The hanayama exercise is mine, and I undertook it as a
modestly sized opportunity to practice using ixml and XProc. It's part of
https://github.com/djbpitt/ixml, which is just a sandbox for
experimentation. I had already modified the production for newline before
your posting this morning, but the parsers still report ambiguities, and
insofar as you close your posting with a generous offer to provide further
advice, I'd be grateful for whatever you're able and willing to share.

Sincerely,

David (Birnbaum, djbpitt@gmail.com)

On Fri, Jan 17, 2025 at 9:16 AM Steven Pemberton <steven.pemberton@cwi.nl>
wrote:

> To keep track of how my implementation is doing, I check its logs every
> now and then, to see if it is failing anywhere, and to get a feel for what
> people are doing.
>
> The most reoccurring beginner's error I see is not putting the top-level
> rule at the beginning of the grammar. (Also submitting pdf files instead of
> text files).
>
> However, another mistake I see is testing a grammar for the first time on
> a huge input file.
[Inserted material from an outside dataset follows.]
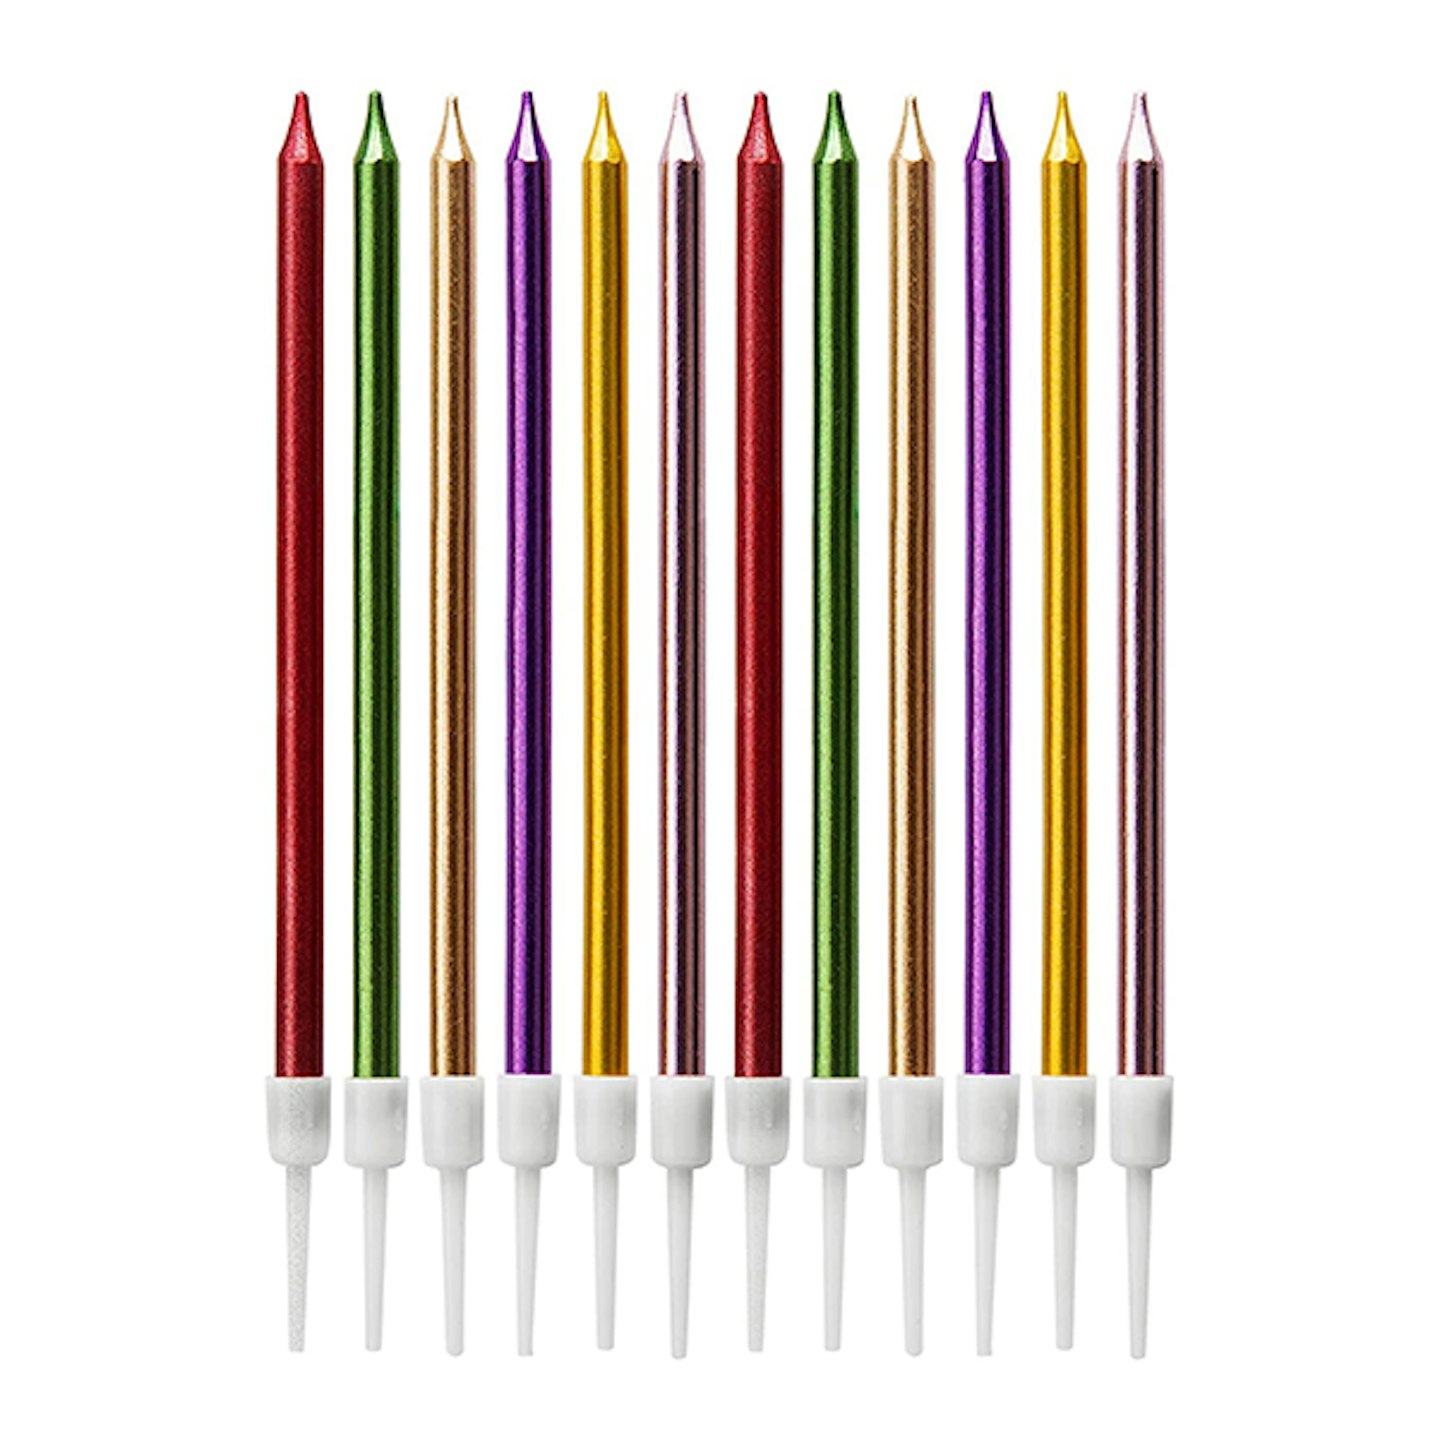 LUTER Metallic Birthday Candles in Holders Multi Color

Typically the grammar is (immensely) ambiguous, and the
> huge input either takes an inordinate amount of time, and they think it has
> failed, or it runs out of memory and really does fail.
>
> So advice: test your grammars on small amounts of input to smoke out the
> ambiguity errors, before running it on large input files.
>
>  And if the author of the "hanayama" grammar is reading this, newline* should
> be newline+, and then you'll get some output. (And if you want more
> advice, feel free to contact me).
>
> Steven
>

Received on Friday, 17 January 2025 16:12:06 UTC